From top scene as can be seen, read-write interception, collision detection in the implementation procedure of transactional memory are all finished by the TMSI agreement, and other are claimed as the function of calling the software transactional memory bank, for example initialization, conflict arbitration, transaction rollback etc. are all finished by software, thereby this implementation is also referred to as mixed mode.Because in mixed mode, with workload in the affairs implementation is big, long part expends time in, as write down read-write and gather, carry out collision detection, realize by hardware, and with part simple in the affairs implementation, as beginning, the submission log record of affairs, realize therefore having very high execution efficient by software.
The successful execution of above-mentioned mixed mode depends on the shared object that is loaded into high-speed cache can be by the high-speed cache that swaps out in the affairs implementation, and high-speed cache can not overflow.In order to guarantee the successful execution of affairs,, can adopt the pure software pattern to carry out affairs when existing shared object when affairs are carried out, to be swapped out or high-speed cache when situation such as overflowing.Compare with aforesaid mixed mode, in the pure software pattern, instant compiler in the system is when compiling the code relevant with affairs, insertion is called method in the software transactional memory bank in the runtime system, but not the calling of the machine instruction of aforementioned newly-increased support affairs type internal memory, then in the process of implementation, finish detection and the solution that affairs are conflicted by the method for calling in the described software transactional memory bank.The specific implementation of pure software pattern can adopt the implementation method of the pure software pattern in the aforesaid list of references 4 in one embodiment of the invention with reference to various software implementation methods of the prior art.

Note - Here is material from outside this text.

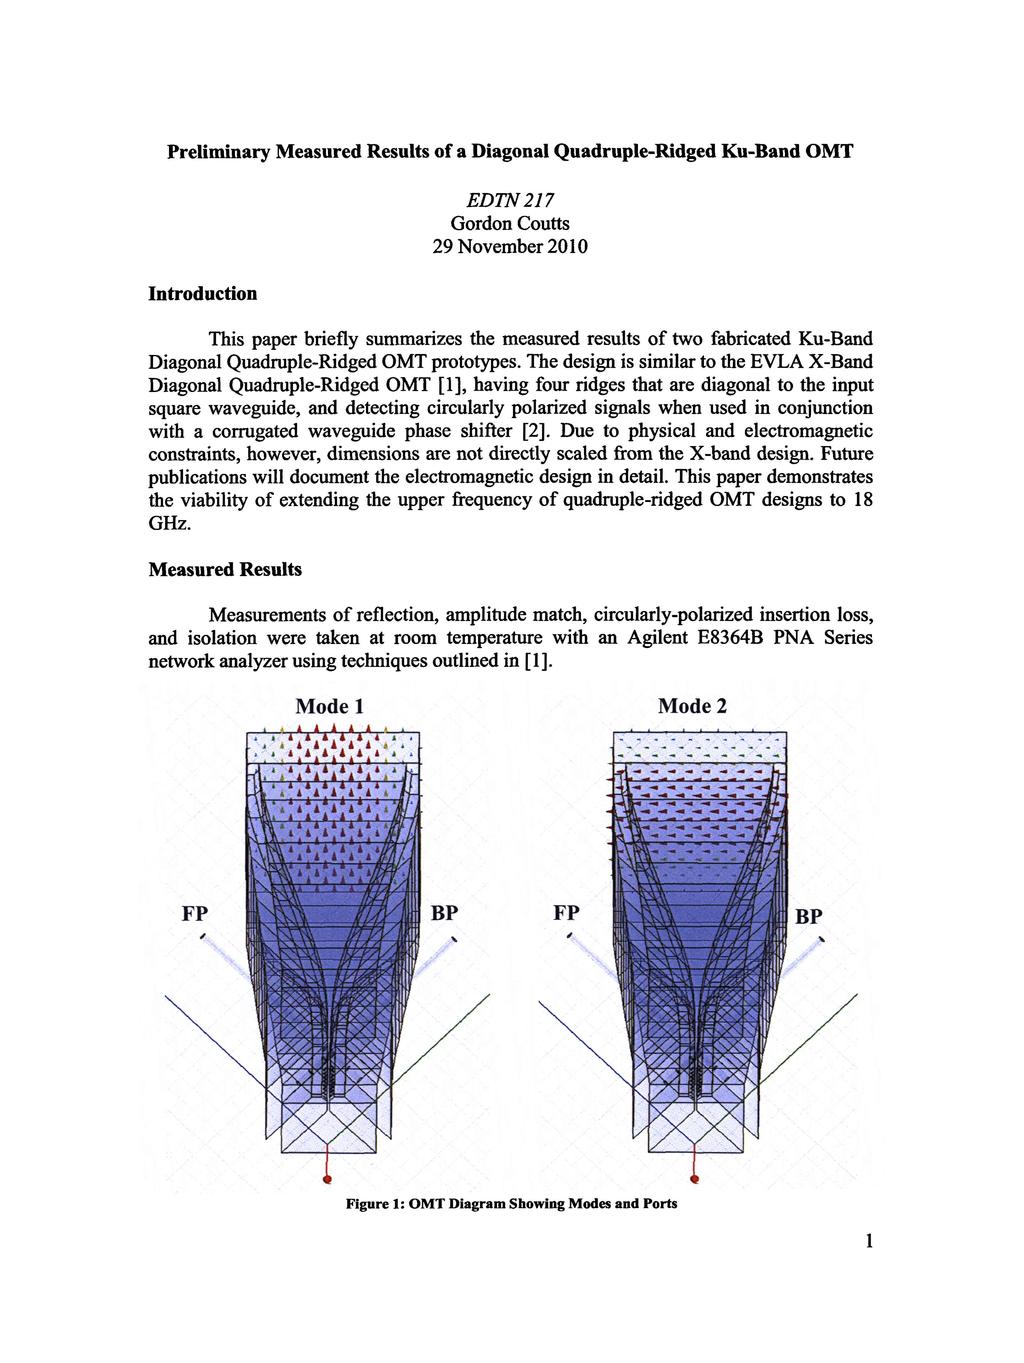 Preliminary Measured Results of a Diagonal Quadruple-Ridged Ku-Band OMT Introduction EDTN217 Gordon Courts 29 November 2010 This paper briefly summarizes the measured results of two fabricated

In the above description, be example all with the Java environment, the specific implementation step of the inventive method is illustrated.But those of ordinary skill in the art should understand, method of the present invention is not limited to the Java environment, any one programming language with runtime environment (is also referred to as the trustship language in the prior art, or managed language), can directly use the method that the present invention proposes, for example .NET and other some scripts.And for the programming language that does not have runtime environment (being also referred to as the unmanaged language), method of the present invention can be applied in the corresponding programming language by other modes such as storehouses.
It should be noted last that above embodiment is only unrestricted in order to technical scheme of the present invention to be described.Although the present invention is had been described in detail with reference to embodiment, those of ordinary skill in the art is to be understood that, technical scheme of the present invention is made amendment or is equal to replacement, do not break away from the spirit and scope of technical solution of the present invention, it all should be encompassed in the middle of the claim scope of the present invention.

Claims (15)

1. realizing transactional memory, realize having on the computing machine of a plurality of processor cores, described processor core comprises privately owned high-speed cache, shared drive for all processor core visits is arranged on described computing machine, in the micro-order controller of described processor core, also defined TxLoad instruction and TxStore instruction; The software transactional memory bank also is installed on described computing machine; This method comprises:
Step 1), one section program statement is compiled into bytecode;
Step 2), from described bytecode identification and the extraction bytecode relevant with affairs, and shared object wherein carried out mark;
Step 3), instant compiler will the bytecode relevant with affairs be compiled into the local code of transactional version; In described compilation process, behind the compiling result of respective byte sign indicating number, add TxLoad instruction or TxStore instruction or calling to software transactional memory bank interface according to the semanteme of described bytecode; Wherein,
The processor core that described TxLoad designated command is carried out this instruction sends PrTxnRd message to the director cache of this processor core, and reads the data of a pointer length from high-speed cache; Described PrTxnRd message is used for according to the current state of data block described state being adjusted, and sends the BusTxnRd message that is used for the piece of TM state is done the detection conflict to bus;
The processor core that described TxStore designated command is carried out this instruction sends PrTxnWr message to the director cache of this processor core, and with the data write cache of a pointer length; Described PrTxnWr message is used to write data, according to the current state of data block described state is adjusted, and is sent the BusTxnWr message that is used for the piece of TM state and TS state is done collision detection to bus.
2. realizing transactional memory according to claim 1 is characterized in that, also comprises:
Thread parallel on step 4), a plurality of processor cores of computing machine is carried out the local code after the instant compiler compiling, described TxLoad instruction in the affairs or described TxStore instruction are operated accordingly according to the instruction implication, the method that the cacheline conflict that described operation is caused is called in the described software transactional memory bank is carried out ruling, rollback, and with the maintaining cached state of FlushAllTxnCacheLineAbort instruction;
Wherein, described FlushAllTxnCacheLineAbort instruction resets the T zone bit in all high-speed caches, is the S state with the TS status modifier, is the I state with the TM status modifier.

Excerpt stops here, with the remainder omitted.